Exercise directions |
Would you please transcribe the data in full and exactly, excluding images?

Supplied data |
Start of Block

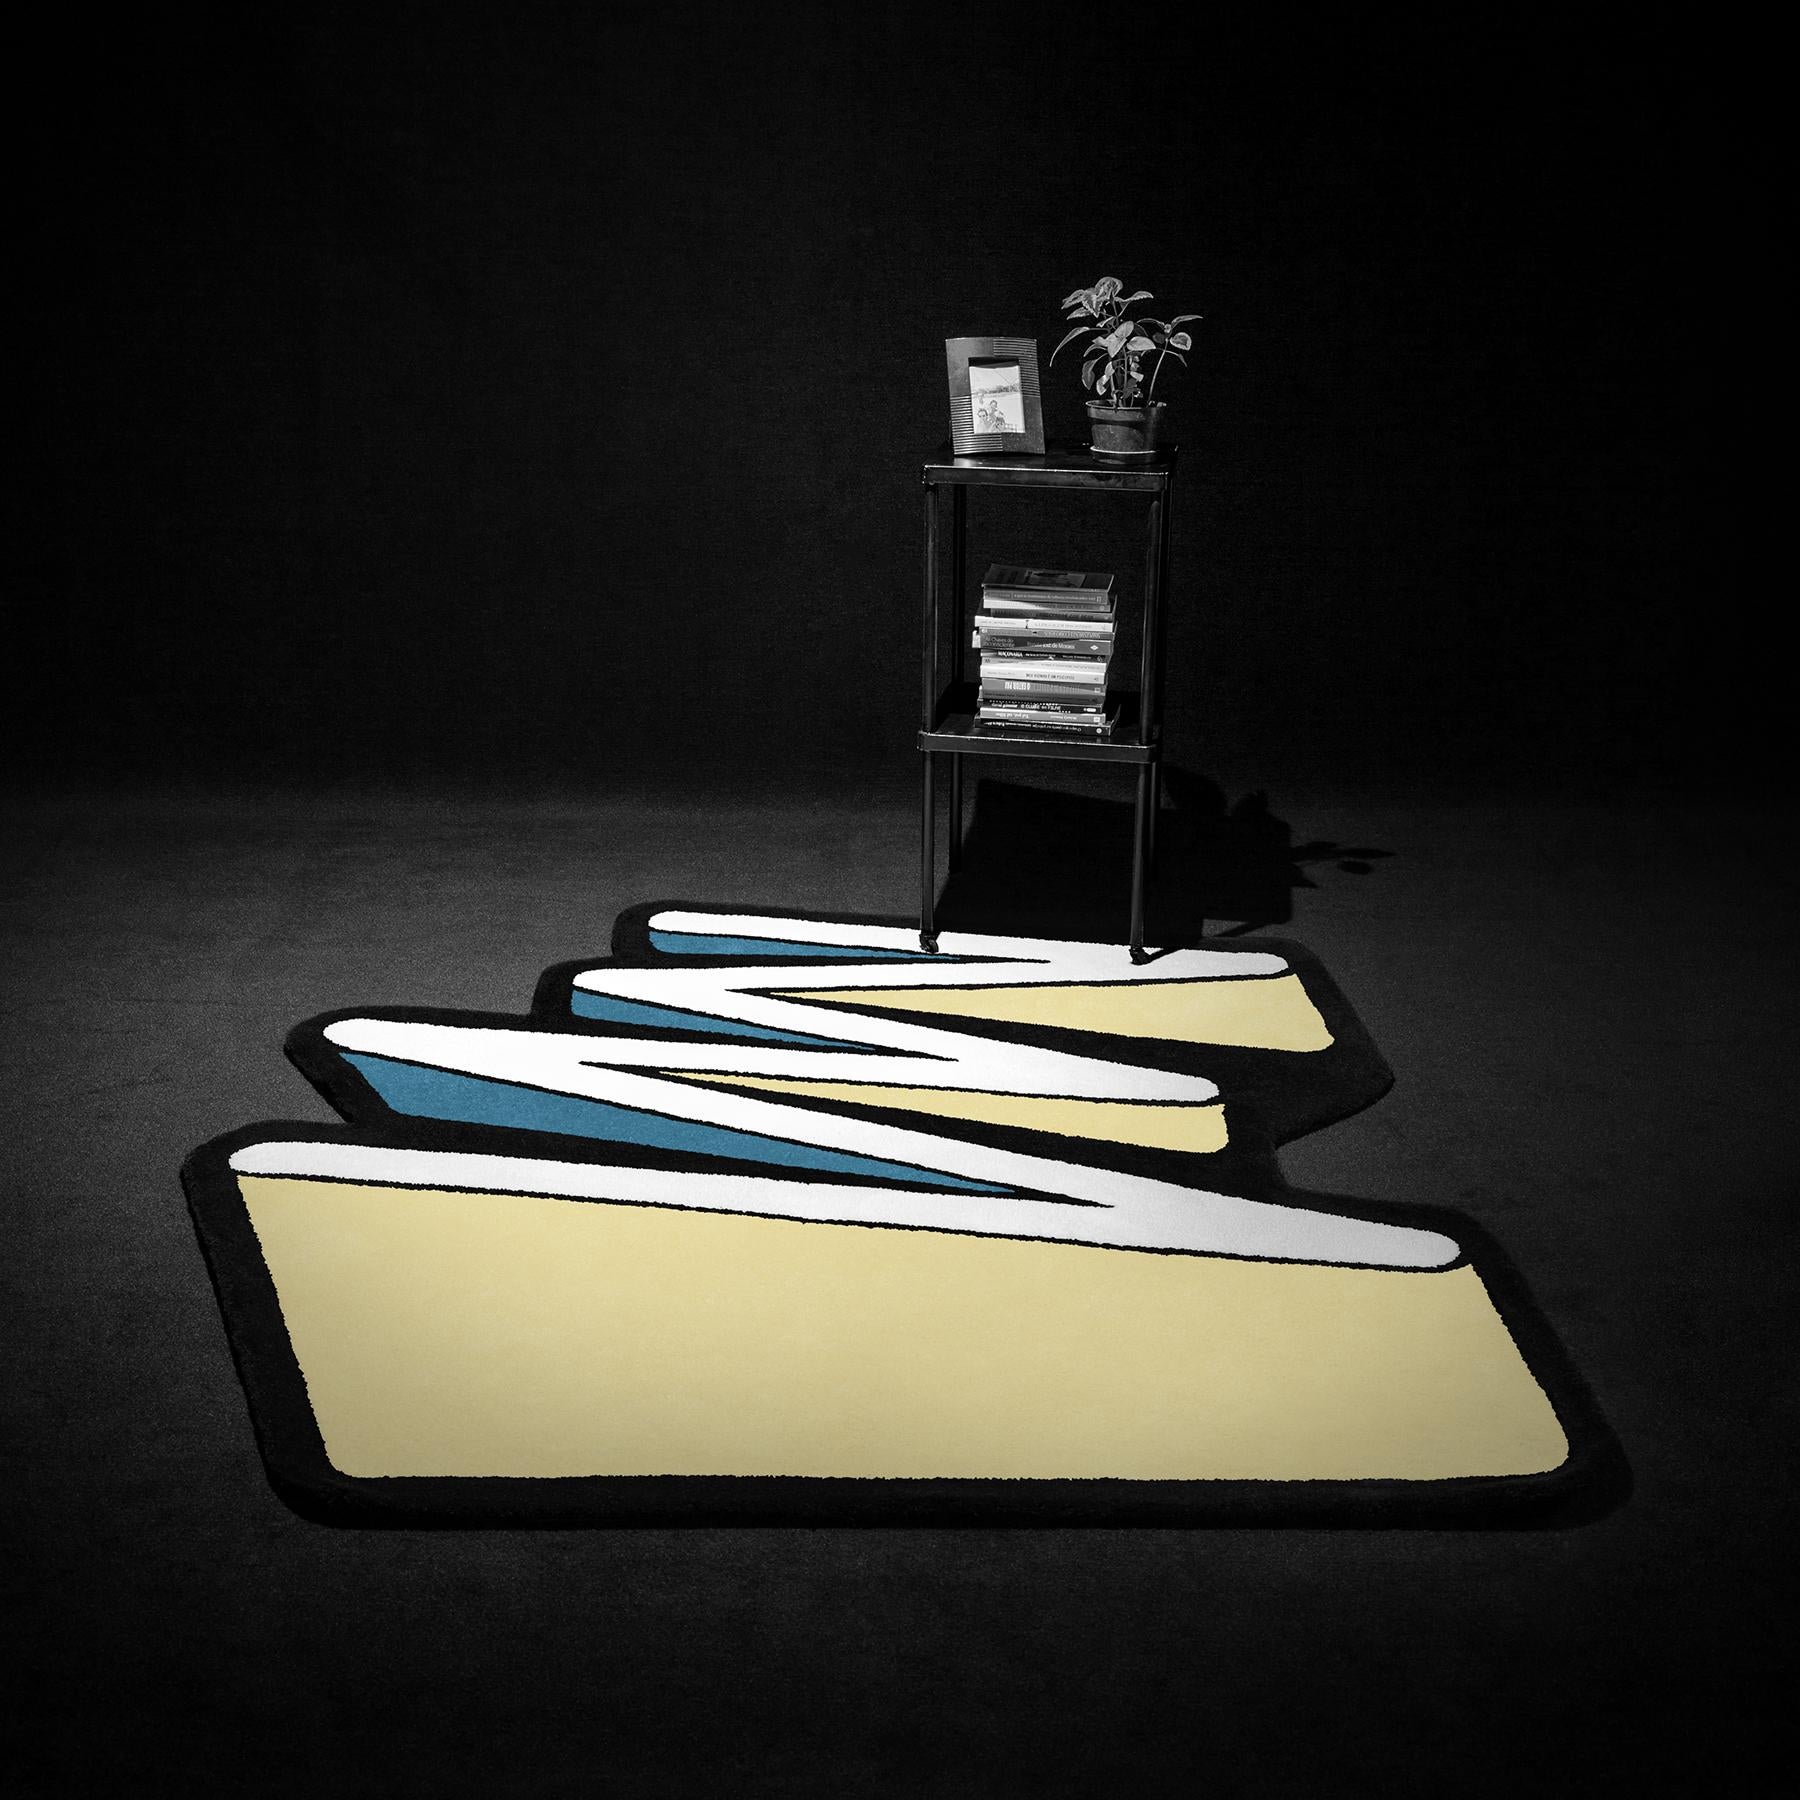 Brazilian Playful 4 Colors Zigzag Rug from Graffiti Collection by Paulo Kobylka, Large For Sale
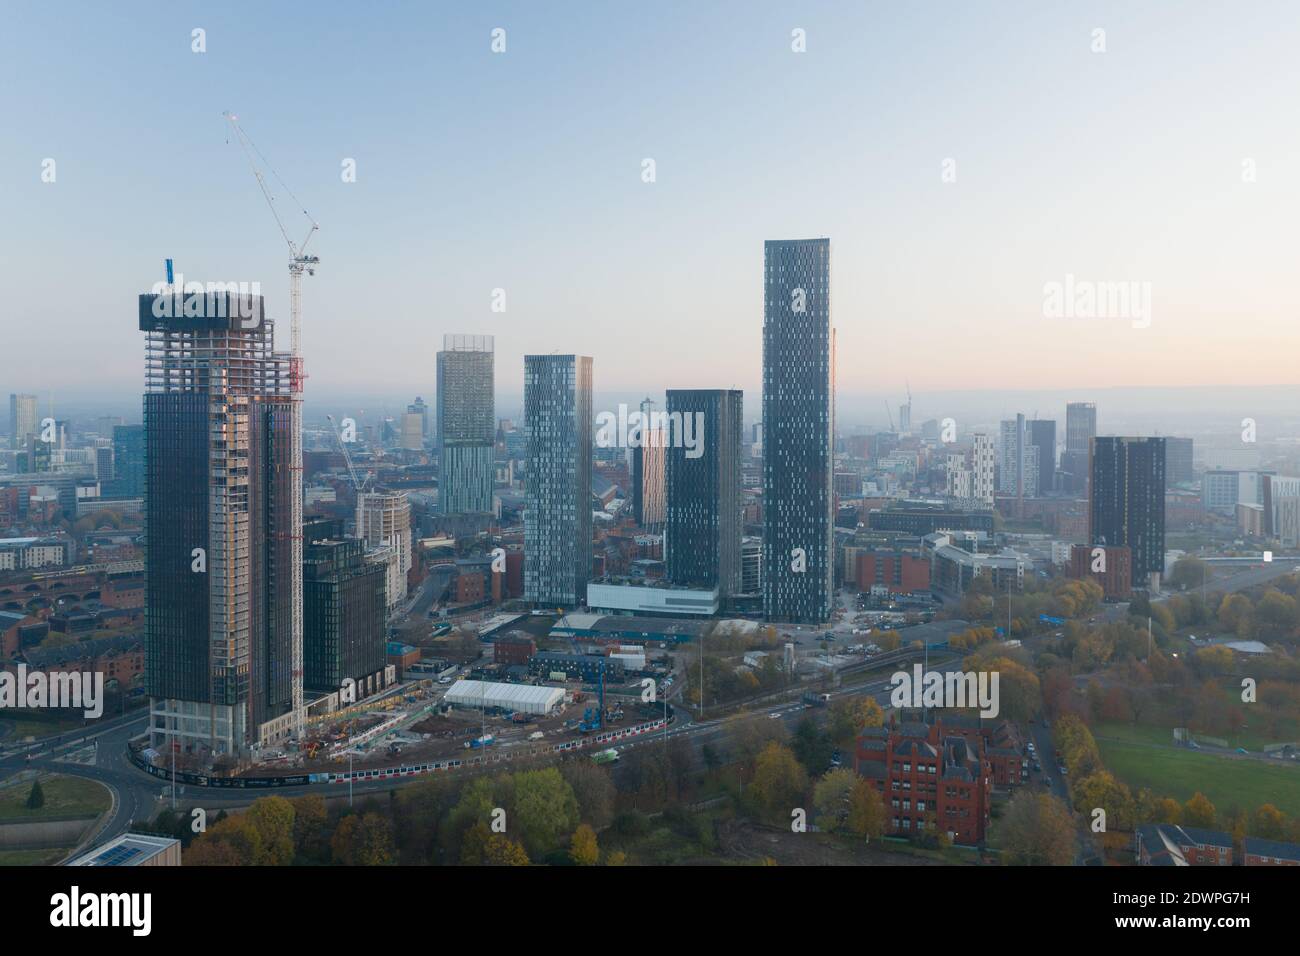 Aerial View of Manchester, Deansgate Towers, Hulme, Stock Photo
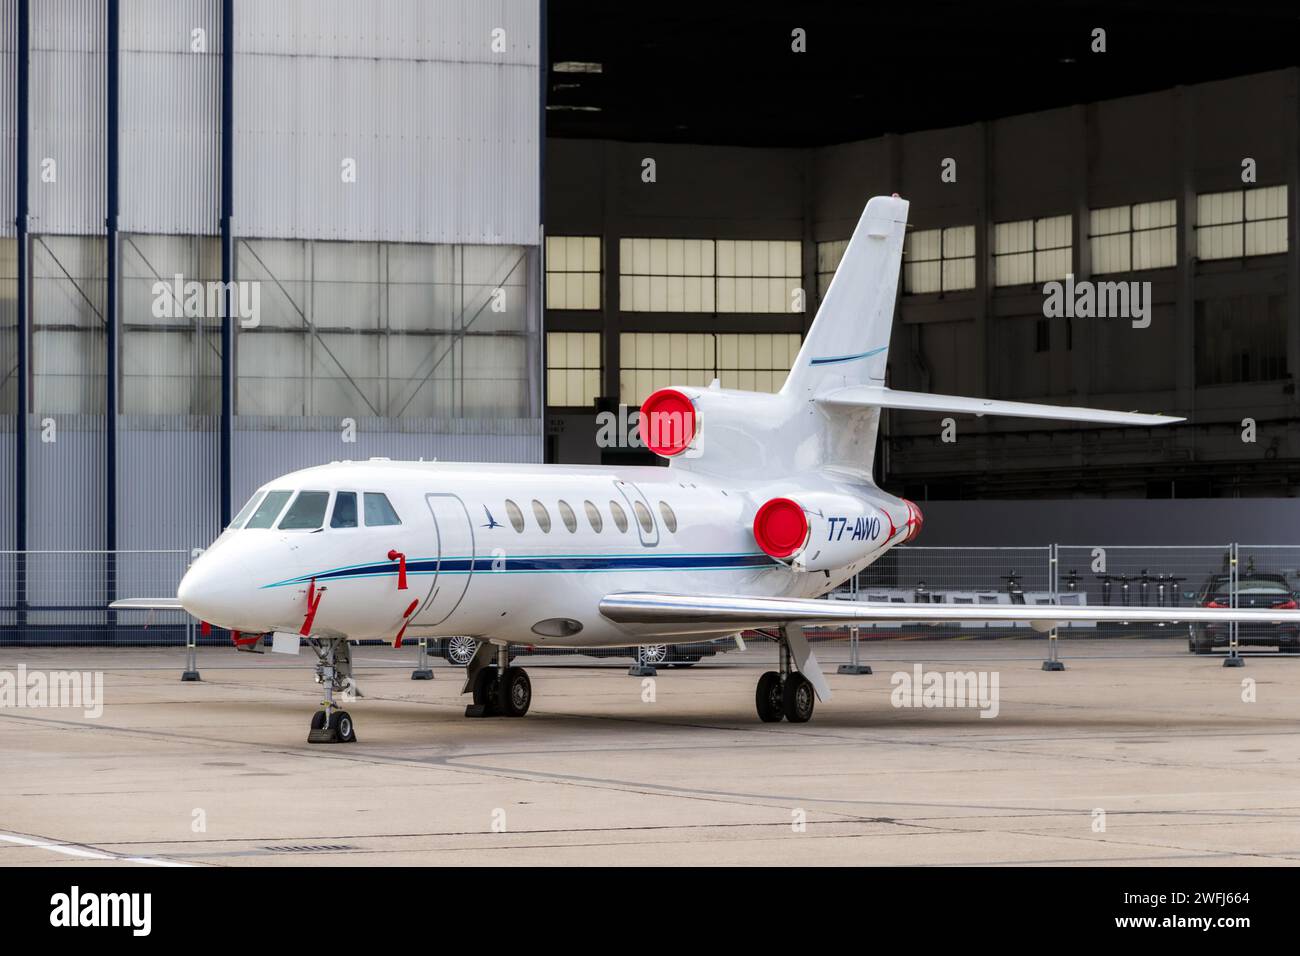 Dassault Falcon 50 business jet on the tarmac of Le Bourget Airport. Paris, France - June 23, 2017 Stock Photo

End of Block

Answer |
 Brazilian Playful 4 Colors Zigzag Rug from Graffiti Collection by Paulo Kobylka, Large For Sale
 Aerial View of Manchester, Deansgate Towers, Hulme, Stock Photo
 Dassault Falcon 50 business jet on the tarmac of Le Bourget Airport. Paris, France - June 23, 2017 Stock Photo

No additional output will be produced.